Нетерпение перехлестывало через край. Так и подмывало надеть шапку, пальтишко (мать почистила, подлатала его, приладила теплый воротник из крашеной заячьей шкурки) и бежать. А куда бежать? Явочная квартира у доктора Орлова в Бутырках провалена. Другие ему неизвестны. В трактир у Курского? Может быть, и трактир под наблюдением. И здесь сидеть сколько можно? Сюда-то к нему никто не придет, разве, в конце концов, какой шпик заявится?

Зиновий подробно объяснил Рейзе, как отыскать квартиру Никиты Голодного, и послал ее к нему. Пусть передаст привет от Зиновия Литвина и спросит у Никиты Мироновича, когда и куда прийти, чтобы увидеться с ним.

Сестра безотказно согласилась, но идти надо было вечером и попозже: в раннюю пору дома его не застать.

Мать всполошилась.

— Куда идти-то?

— Не шибко далеко. Угол Покровского бульвара и Воронцова поля.
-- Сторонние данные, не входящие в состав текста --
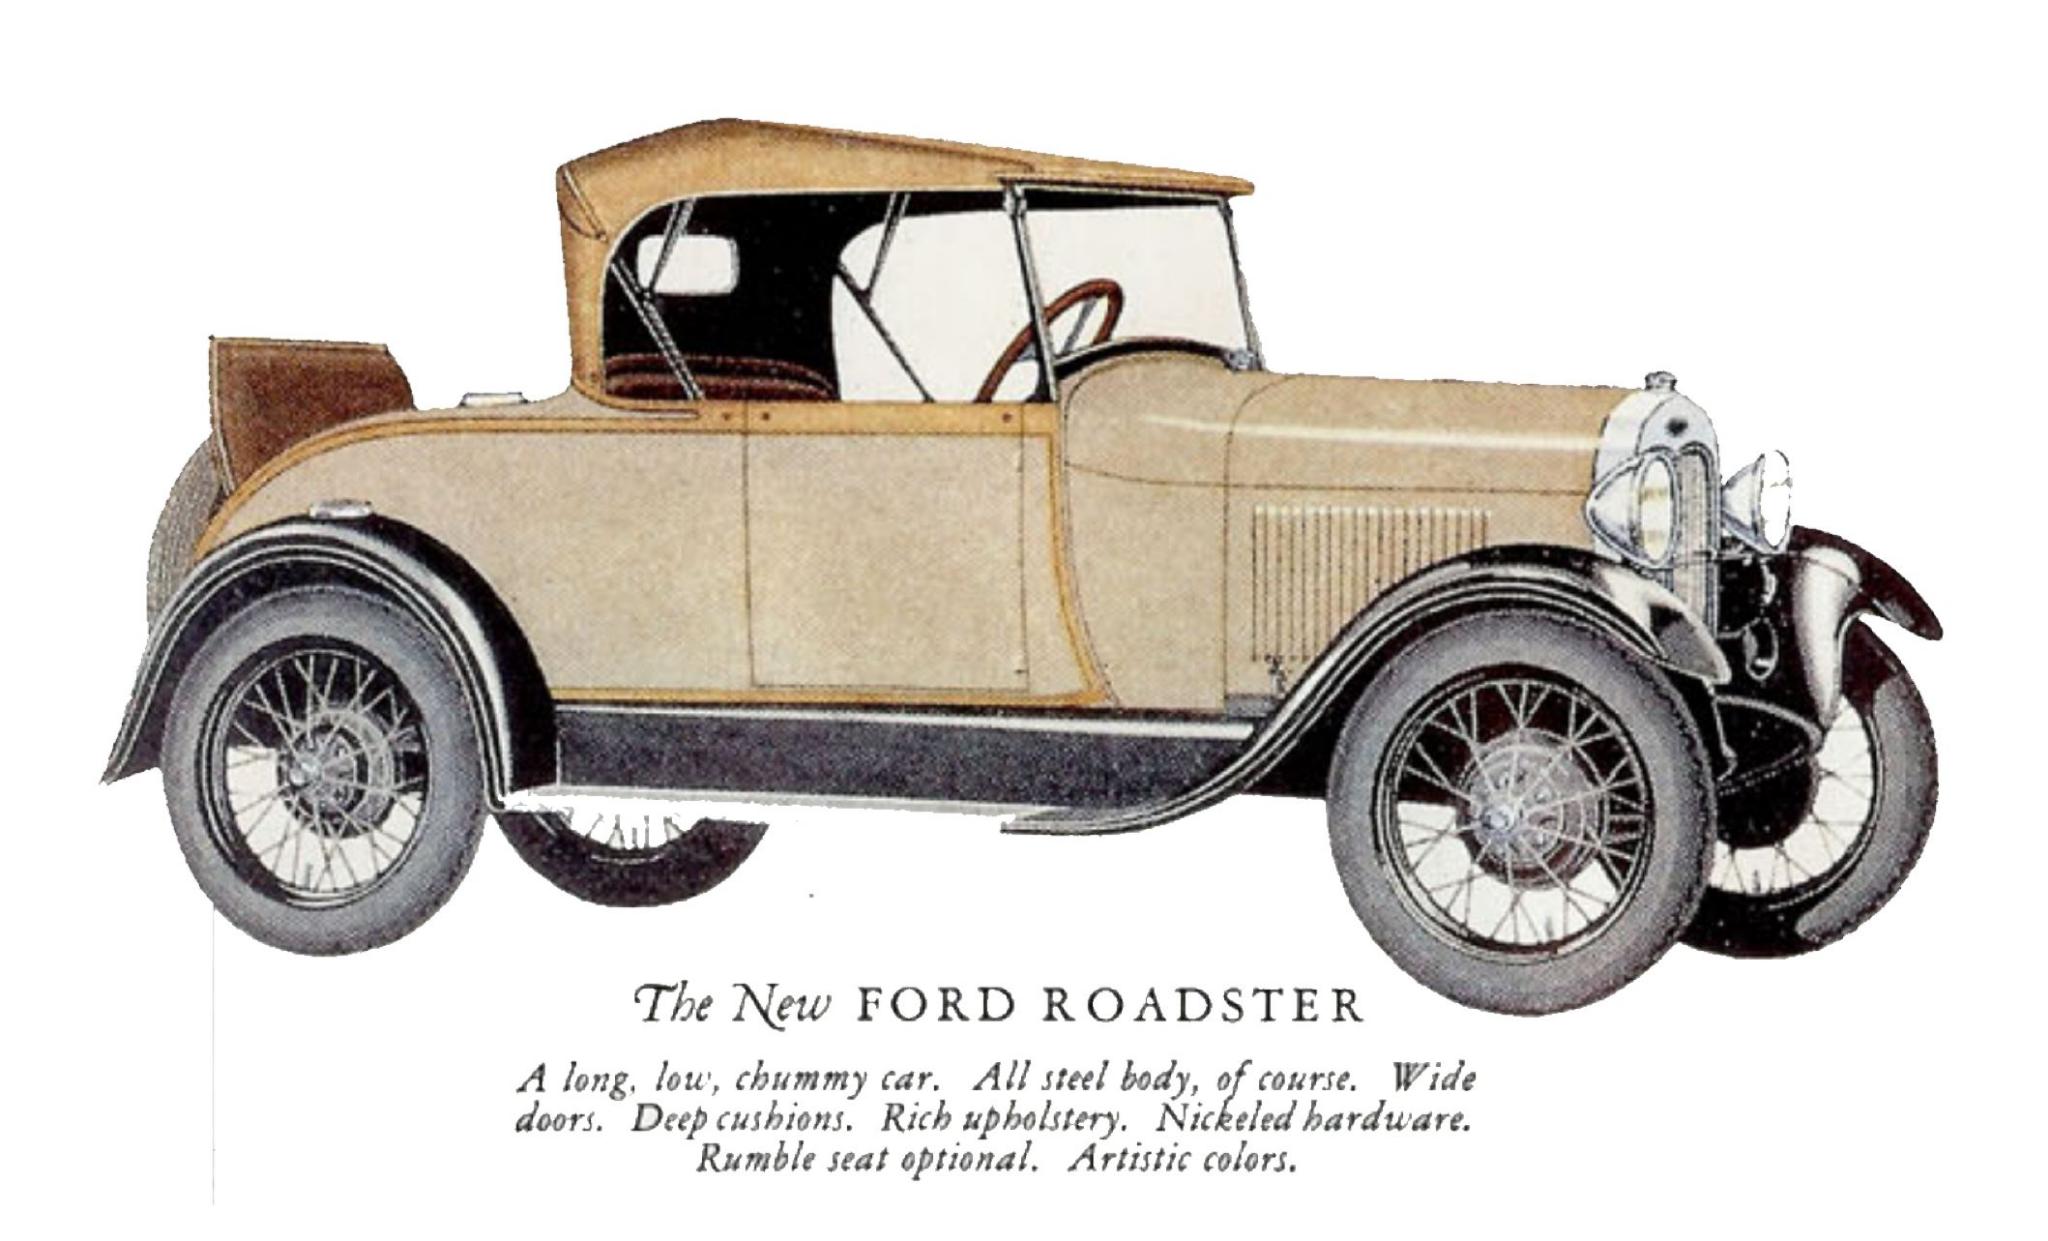 Sketch of a 1928 ford roadster model a from the ford brochure

— Худое место, — сказала мать. — Хитров рынок рядом. А там ночлежки и вся рвань…

— Пошли вместе, — сказала Эсфирь.

Вернулись они часа через два. Вернулись ни с чем. Никиты Мироновича там не оказалось. Квартирная его хозяйка сказала, что летом еще два раза приходили к нему из участка и уводили с собой. Подолгу не держали, дня по два, по три. Но после второго разу съехал Никита Миронович, а куда съехал, не сказал.
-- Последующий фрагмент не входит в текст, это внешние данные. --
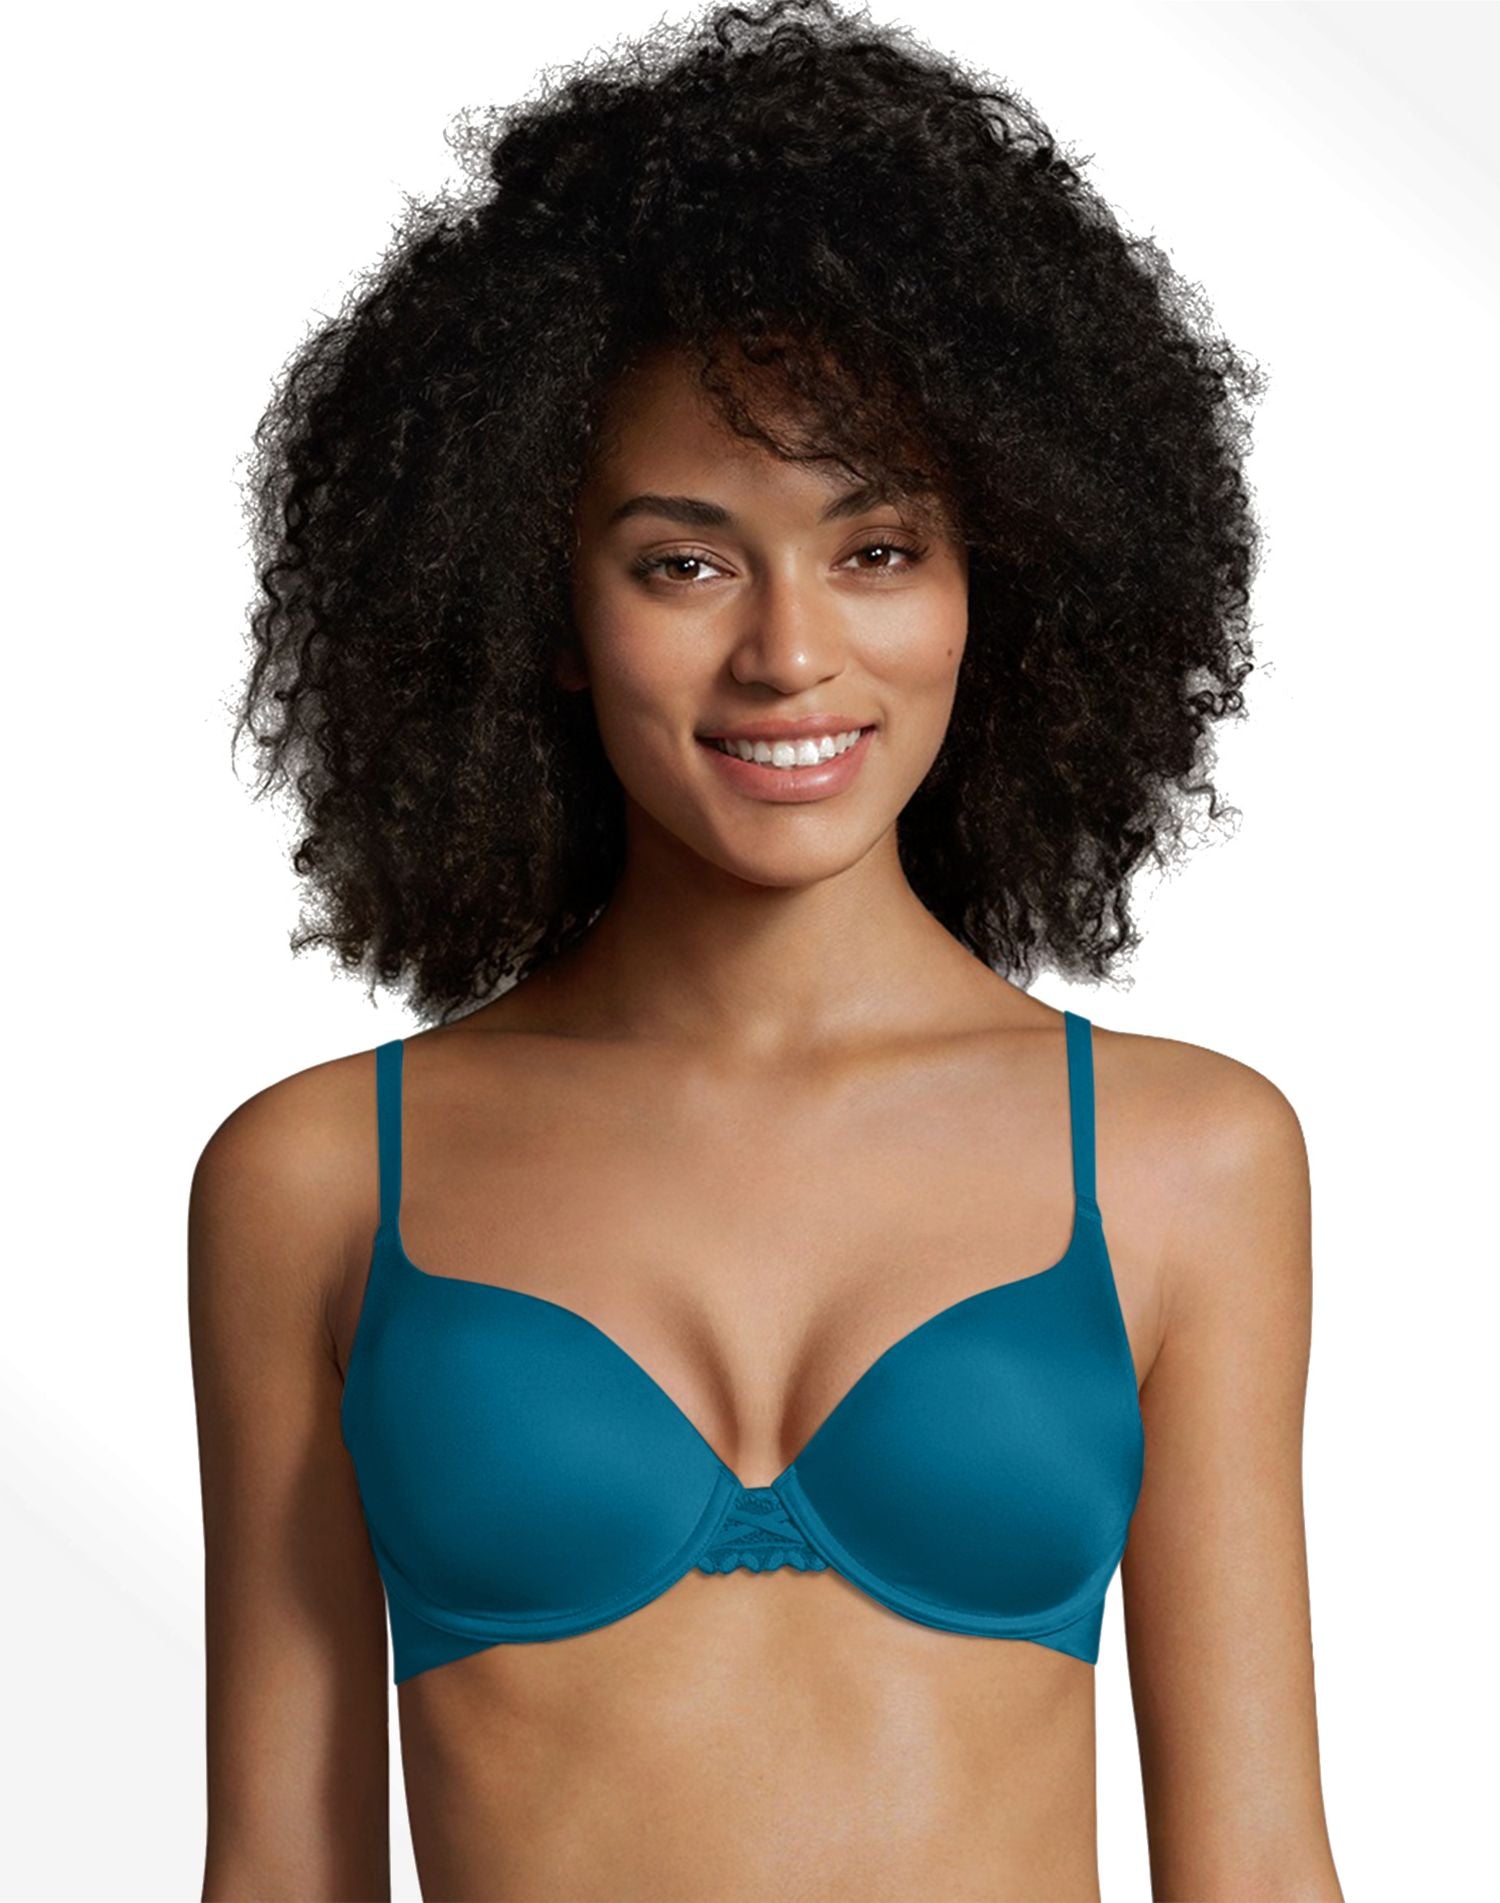 Maidenform Love the Lift Push Up & In Demi Bra White/Blue Whimsy 34A  Women's

Плохо спалось Зиновию в эту ночь. Оборвалась единственная ниточка, связывающая его с большим миром. Единственная из безопасных. Можно было пойти, конечно, в трактир к Курскому вокзалу, можно было пойти в воскресную школу в Сыромятниках и, наконец, можно было заглянуть во «Фруктовую торговлю».

После продолжительных размышлений окончательно отбросил и торговлю, и воскресную школу. Мог и сам попасться, и их «засветить». Менее опасно показаться в трактире. Тут, в крайнем случае, мог подвести только самого себя. Решил завтра же наведаться в трактир — и в обеденное время, и вечером.

3

Как обычно, в середине дня трактир был полон народу самого разношерстного.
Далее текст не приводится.